The Journal of Phytopharmacology 2025; 14(2):87-95 DOI:10.31254/phyto.2025.14203

Research Article

Curcuma caesia rhizome extract shows selective cytotoxicity and antiproliferative effect against lung and breast cancer cell lines

Gayathri Sanalkumar Prajeetha¹ , Arya Krishnan Kalarikkal¹ , Soni Kallamparambil Balakrishnan¹ , Swapna Alex¹ , Ancy Joseph² , Sindura Kunhikrishnan Premakumari¹

Gayathri Sanalkumar Prajeetha,Arya Krishnan Kalarikkal,Soni Kallamparambil Balakrishnan,Swapna Alex,Ancy Joseph,Sindura Kunhikrishnan Premakumari

1. Department of Molecular Biology and Biotechnology, College of Agriculture, Vellayani, Thiruvananthapuram, 695522, Kerala, India
2. Aromatic and Medicinal Plant Research Station, Odakkali, Asamannoor, Ernakulam, 683549, Kerala, India

*Author to whom correspondence should be addressed.

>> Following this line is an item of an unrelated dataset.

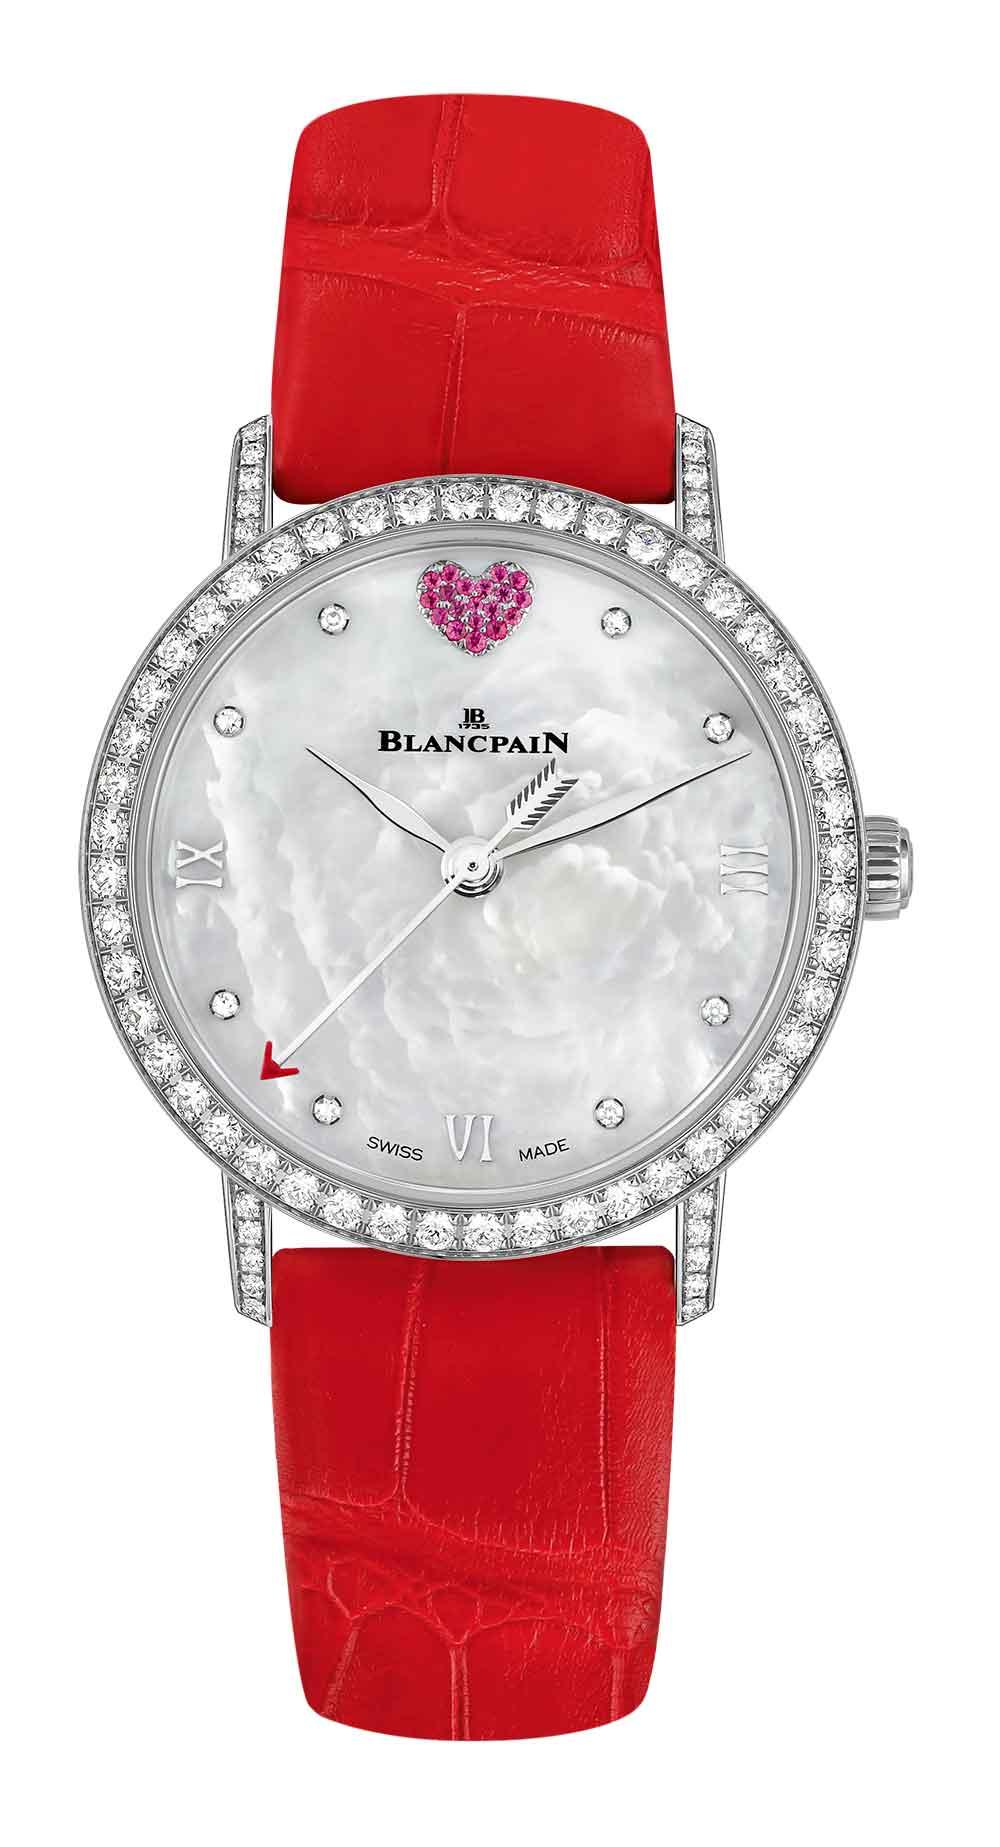 Blancpain Saint-Valentin 2017 reference 6104-4654-99A

Received: 18th February, 2025 / Accepted: 6th April, 2025 / Published : 15th May, 2025

Abstract

Background: Black turmeric (Curcuma caesia Roxb.) exhibits various pharmacological properties, including anticancer, antifungal, and antibacterial activities. Objective: This study evaluates the cytotoxic and antiproliferative potential of crude methanolic rhizome extracts of black turmeric in selected cell lines. Materials and methods: The crude methanolic extract was prepared by the Soxhlet extraction method. Short-term cytotoxicity was determined by Trypan blue exclusion method in murine cancer cells (DLA and EAC), whereas in vitro cytotoxicity was determined by MTT assay in human cancer cell lines (Breast and lung cancer cells). The antiproliferative effect and induction of apoptotic machinery were measured by clonogenic assay, and DNA laddering assay respectively. Results and conclusion: The Trypan blue exclusion assay demonstrated IC₅₀ values of 207.69 ± 18.74 µg/ml and 122.35 ± 1.29 µg/ml in Ehrlich Ascites Carcinoma (EAC) and Dalton’s Lymphoma Ascites (DLA) cells respectively. Cytotoxicity assessment of the methanolic extract in A549 and MDA-MB-231 cell lines yielded IC₅₀ values of 100.14±0.56 µg/ml and 165.43±1.76 µg/ml respectively, with negligible toxicity to normal cell line. The clonogenic assay revealed significant inhibition of colony formation with the crude extract suppressing colony formation by 80.2% in A549 cells and complete inhibition in MDA-MB-231 cells at IC₅₀ concentration. DNA fragmentation analysis of the treated cell lines for apoptosis showed no visible DNA shearing in agarose gel electrophoresis. Conclusion: The crude methanolic extract of C. caesia showed a significant cytotoxic effect against murine and human cancer cells. It significantly reduced colony formation, particularly in MDA-MB-231 cells. The mechanism of action needs to be elucidated.